1. Stuffed lettuce roll

Ingredients:

  • 6 Boston lettuce leaves;
  • 6 slices of light cottage cheese or ricotta cream
  • 6 slices of ham
  • 1 small carrot or ½ beet, grated

Sauce:

  • 2 tablespoons of olive oil
  • 1 tablespoon of water
  • 1 tablespoon of mustard
  • 1/2 tablespoon of lemon juice
  • Salt and oregano to taste

Directions:

Place a slice of cheese, ham and 2 tablespoons of grated carrot on each lettuce leaf. Then roll the leaf and secure it with a toothpick. Place the rolls on a tray. Mix all the sauce ingredients and drizzle it over the rolls. To make the roll more nutritious, you can add shredded chicken to the filling.

2. Lettuce salad

Ingredients:

  • 1 iceberg lettuce
  • 2 grated carrots
  • 1 grated beet
  • 1 tomato, peeled and with seeds removed.
  • 1 small mango or 1/2 large mango cut into cubes
  • 1 onion cut into slices
  • Olive oil, vinegar, salt and oregano to taste

Directions:

Mix all the ingredients and season with oil, vinegar, salt and oregano. This salad can be used as a side dish or starter for main meals, helping to keep ou full and reduce carbohydrate and fat absorption in the gut.

3. Lettuce tea

Ingredients

  • 3 chopped lettuce leaves
  • 1 cup of water

Directions 

Boil the water with the lettuce leaves for about 3 minutes. Then strain and drink while still warm at night to combat insomnia.

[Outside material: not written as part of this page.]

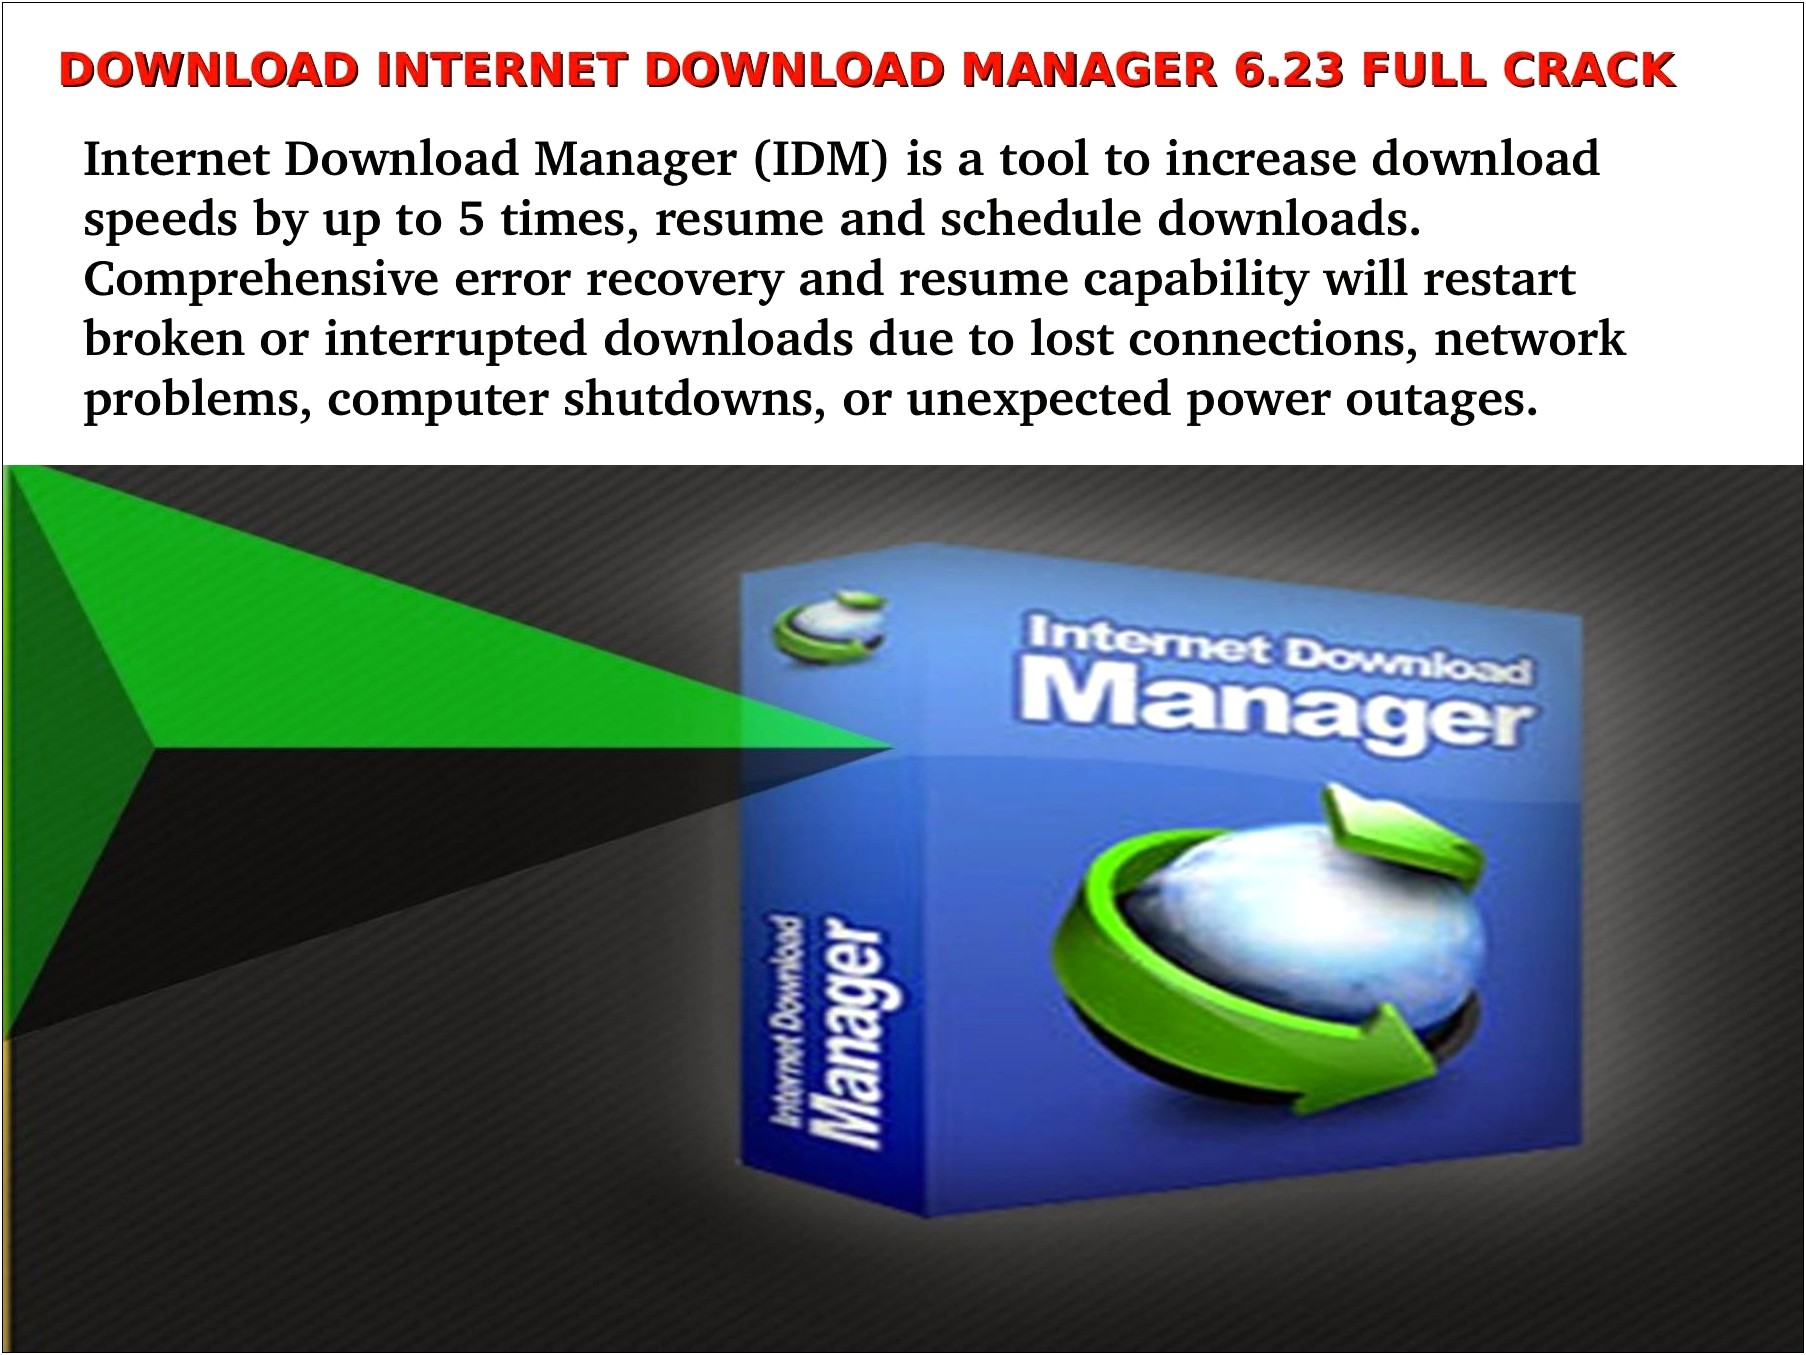 Internet Download Manager Resume Broken Downloads

Also recommended: Natural Sleep Aids: 6 Home Remedies for Insomnia tuasaude.com/en/natural-sleep-aids

4. Apple and lettuce juice

Ingredients:

  • 2 cups of lettuce
  • 1/2 cup chopped green apple
  • 1/2 the juice from a lemon
  • 1 tablespoon of rolled oats
  • 3 cups of water

Directions:

Mix all the ingredients in a blender and drink 1 glass of cold juice.